What Are Othes Doing?
APTs are well-skilled in adapting to an ever-changing environment. In many cases, the target organization may be aware of a breach, but not know where or what to look for because the attacker is laying dormant. But even in such extreme cases of infiltration, organizations can still respond and defend themselves in a variety of ways. Figure 2 summarizes some common approaches to improving security.
Figure 2: Complexity of Countermeasures Src: Intel Security
It’s unlikely that every organization will implement the Advanced mitigations. Some of these mitigations are rather drastic, like disconnecting from the internet. Nevertheless, some organizations will go to any lengths to protect their security. At the very least it is advised that every organization implement the Basic mitigations and seriously look at deploying the Intermediate technologies.
It is clear that APT threats or APT-like threats will increase over time.
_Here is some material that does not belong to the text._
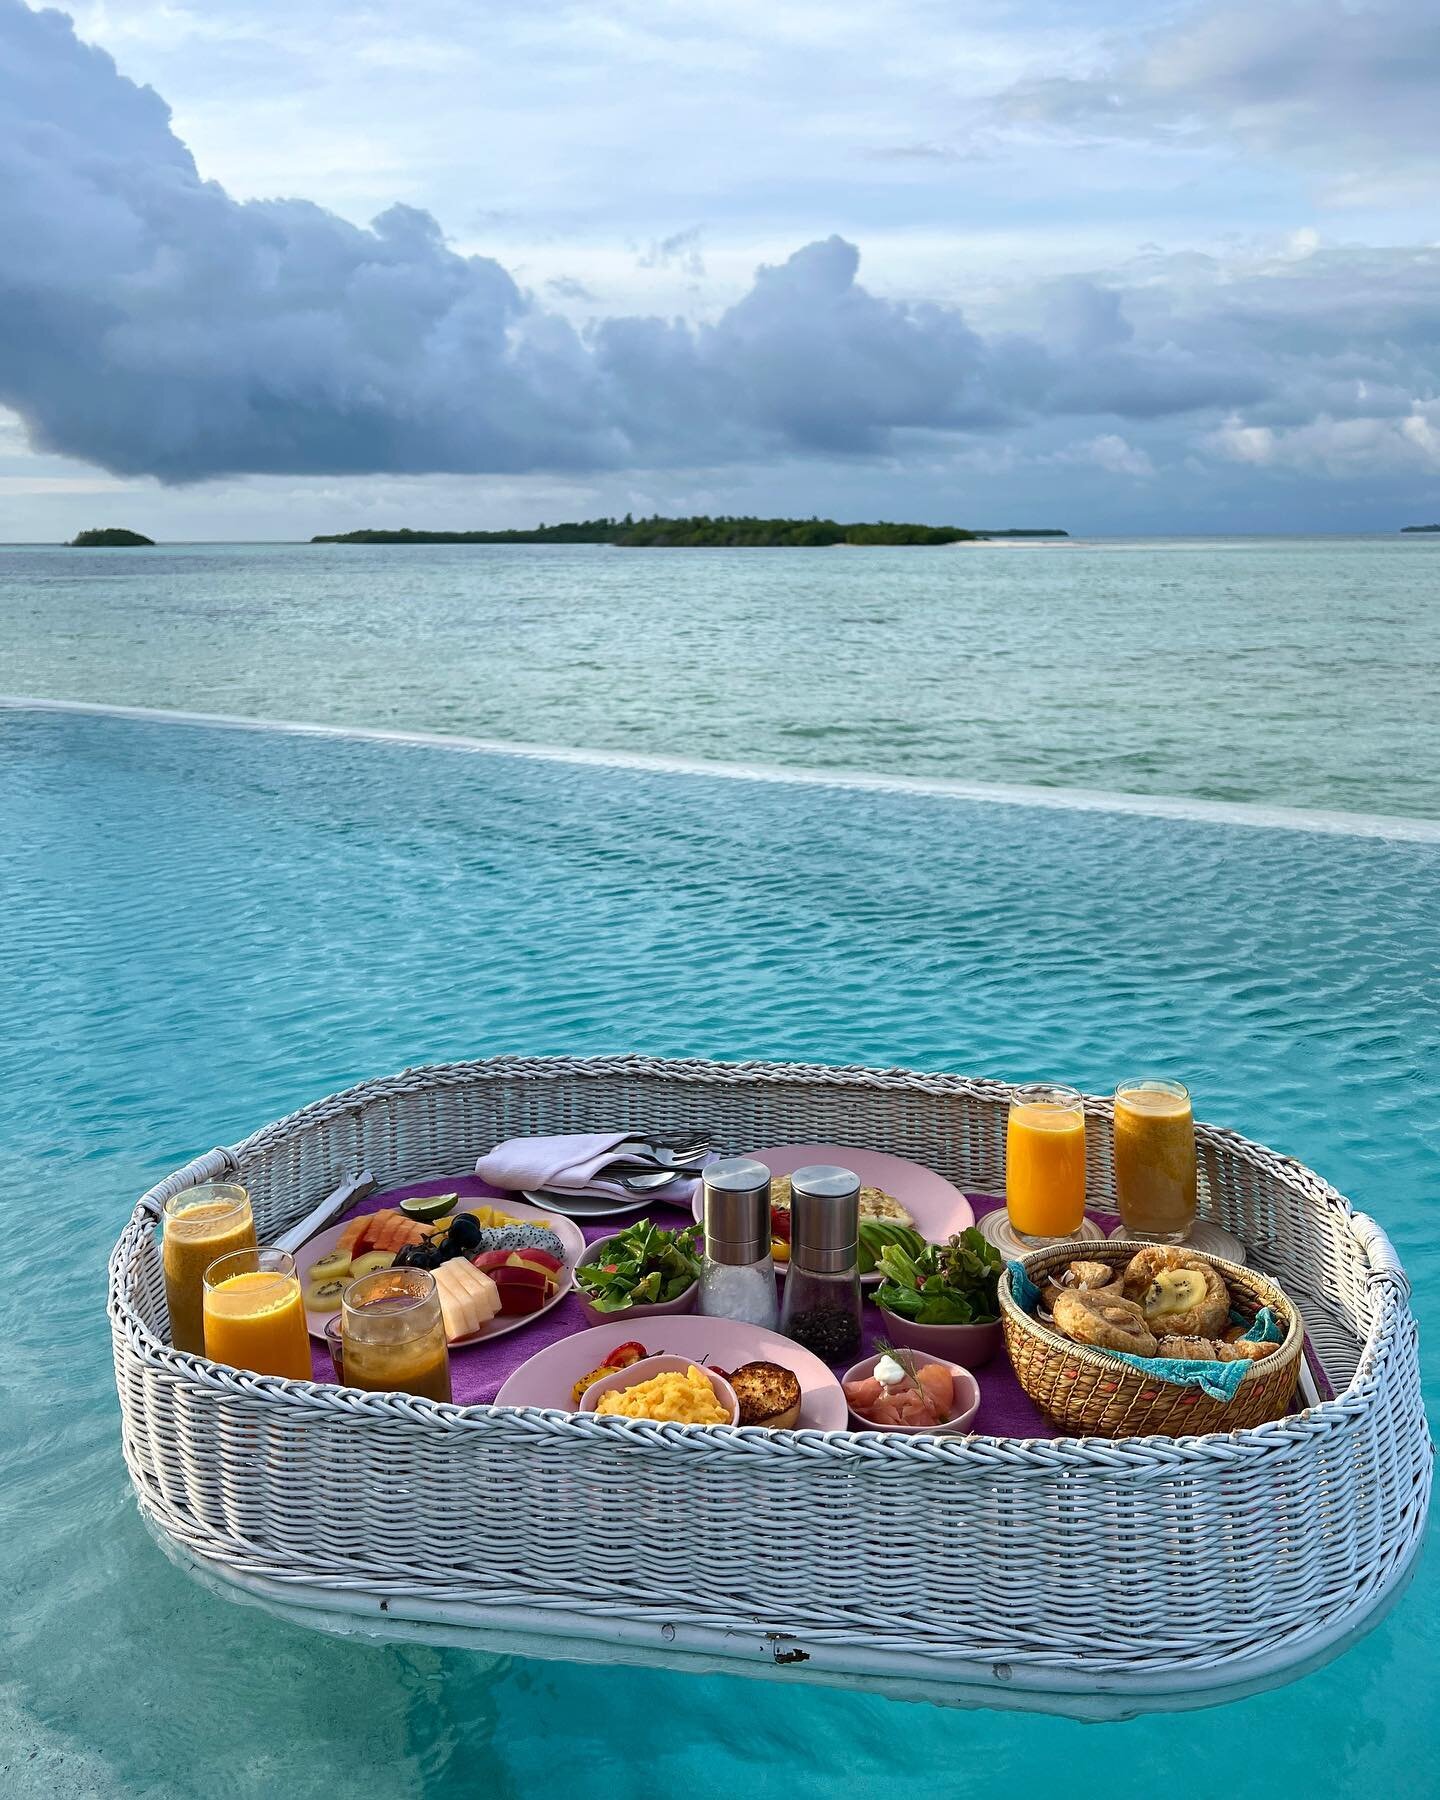 Thank you @discoversoneva for an amazing trip to the Maldives! After swimming with manta rays, making souvenirs in the glassblowing studio, eating the best seafood, and enjoying the spa, the sunrise floating breakfast in our stunning overwater villa

As a result, organizations need to educate themselves and update their defensive postures in order to defend against these advanced threats. While there are many countermeasures that can be employed to improve security, there may be barriers, both technical and financial, why such defenses remain underemployed.
The key takeaways from this post are (1) understand how APTs operate to gain a foothold within an enterprise, (2) implement all of the Basic countermeasures mentioned in Figure 2 and deploying the Intermediate mitigations. And (3), any organization which is serious about security, should start implementing at least some of the countermeasures listed in the Advanced section.